GraphFrame PySpark - cchantra/bigdata.github.io GitHub Wiki
Use python with graph. We need graphFrame.
(https://spark-packages.org/package/graphframes/graphframes)
Select the right version of your spark.
(e.g. my spark version is 3.1.1)
wget https://repos.spark-packages.org/graphframes/graphframes/0.8.2-spark3.1-s_2.12/graphframes-0.8.2-spark3.1-s_2.12.jar
unpack it. Assume at /home/hadoop
jar xf graphframes-0.8.2-spark3.1-s_2.12.jar
You get the folder graphframes under /home/hadoop
mv graphframes-0.8.2-spark3.1-s_2.12.jar /home/hadoop/spark/jars
Next,
use jars.tar.gz given below.
wget https://github.com/cchantra/bigdata.github.io/raw/refs/heads/master/spark/jars.tar.gz
untar it and copy to /home/hadoop/.ivy2/jars
tar xvf jars.tar.gz
mkdir -p ~/.ivy2/jars
mv jars ~/.ivy2/jars
(* ./ivy2/jars may be created ** if not exists.)
(it is the default cache. ".ivy2/jars" to store downloaded dependency)
Then
add pythonpath
in /home/hadoop/spark/conf/spark-env.sh add the line.

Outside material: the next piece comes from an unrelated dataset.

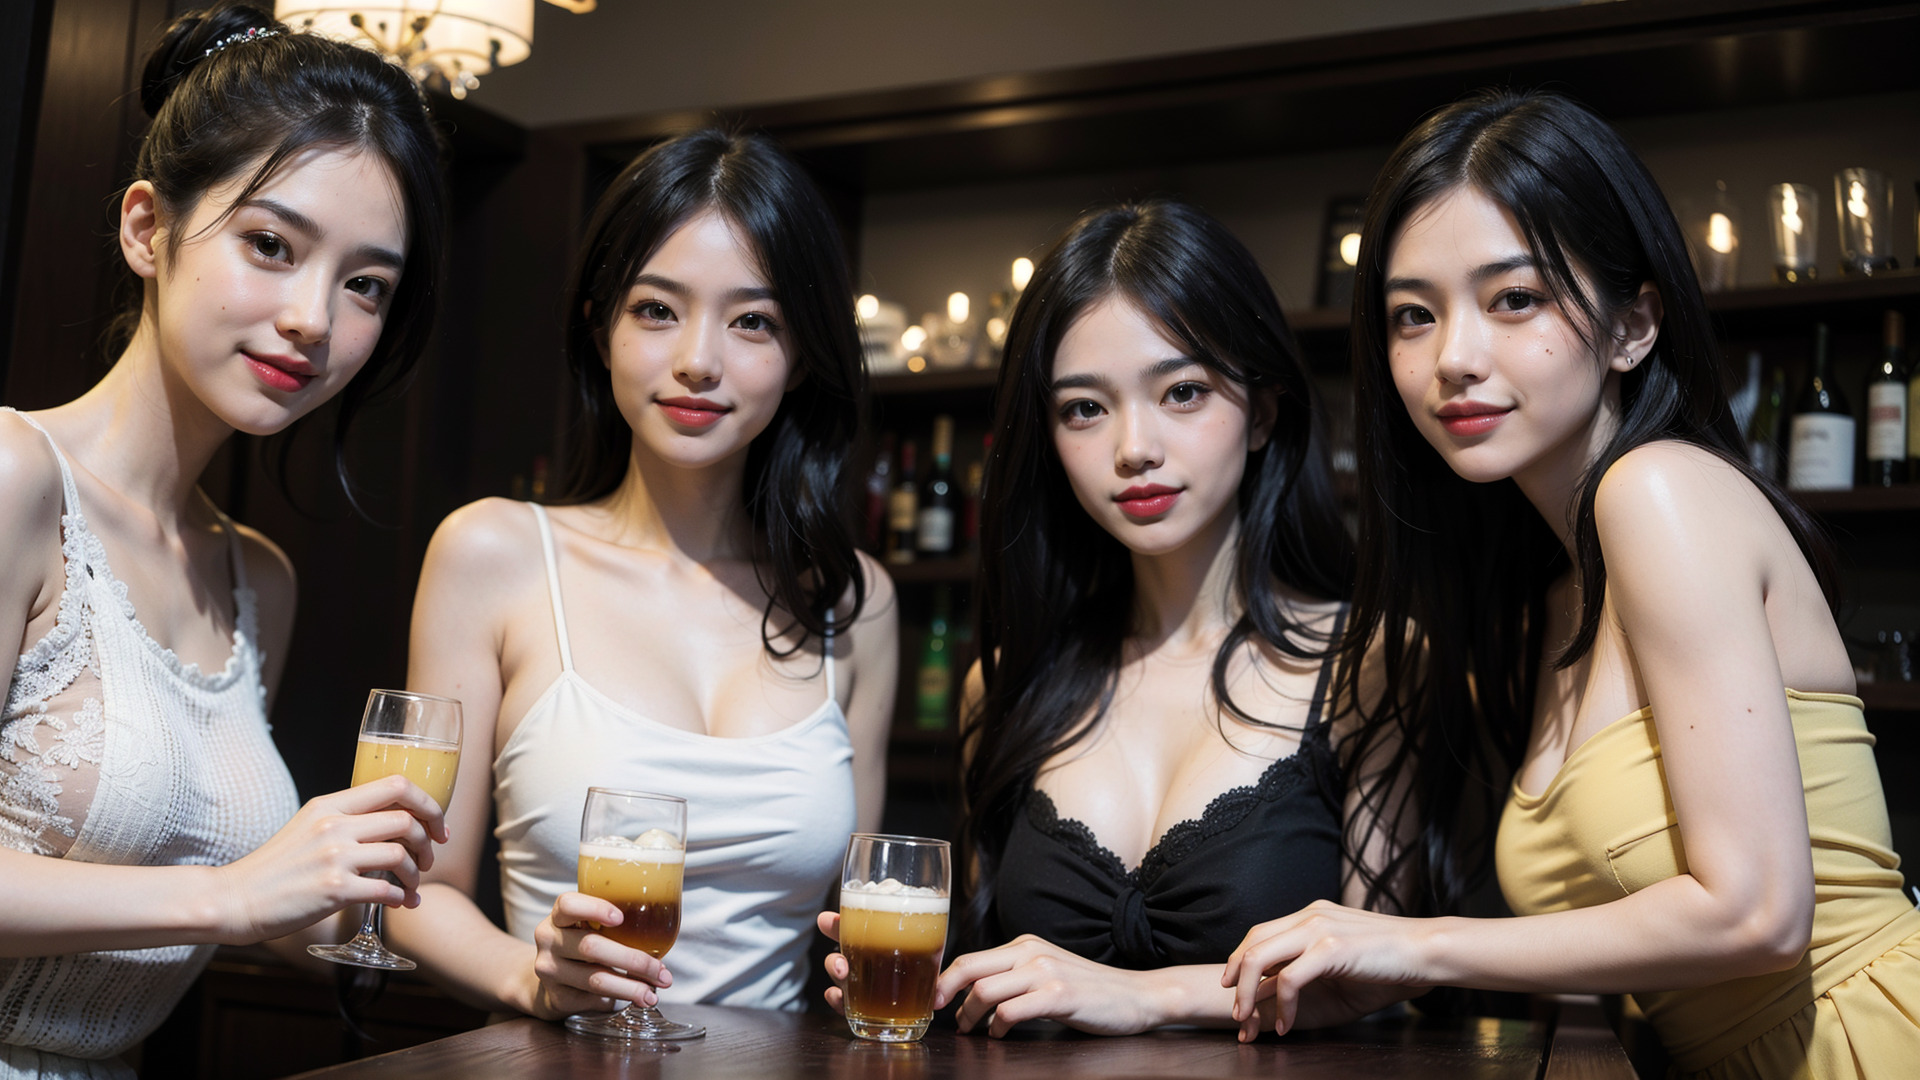 バーで女子会を楽しむ4人の女性

(if /home/hadoop/spark/conf/spark-env.sh
not exist, create one by
cp /home/hadoop/spark/conf/spark-env.sh.template /home/hadoop/spark/conf/spark-env.sh
obtain the library
wget https://github.com/cchantra/bigdata.github.io/raw/refs/heads/master/spark/graphframes-0.8.2-spark3.1-s_2.12.jar
move to spark folder
mv graphframes-0.8.2-spark3.1-s_2.12.jar ~/spark/jars
add the line vi /home/hadoop/spark/conf/spark-env.sh
export PYTHONPATH=$PYTHONPATH:/home/hadoop/.ivy2/jars:/home/hadoop/spark/jars:.
export PATH=$PATH:/home/hadoop/.local/bin
export SPARK_HOME=/home/hadoop/spark
export PYTHONPATH=$SPARK_HOME/python:$SPARK_HOME/python/lib/py4j-0.10.8.1-src.zip:$PYTHONPATH
Invoke pyspark at the current directory where your graphframes folder is below.
pyspark
OR *** This does not work any more since it's repo is down ***
you can put option port if you have problem with port conflict.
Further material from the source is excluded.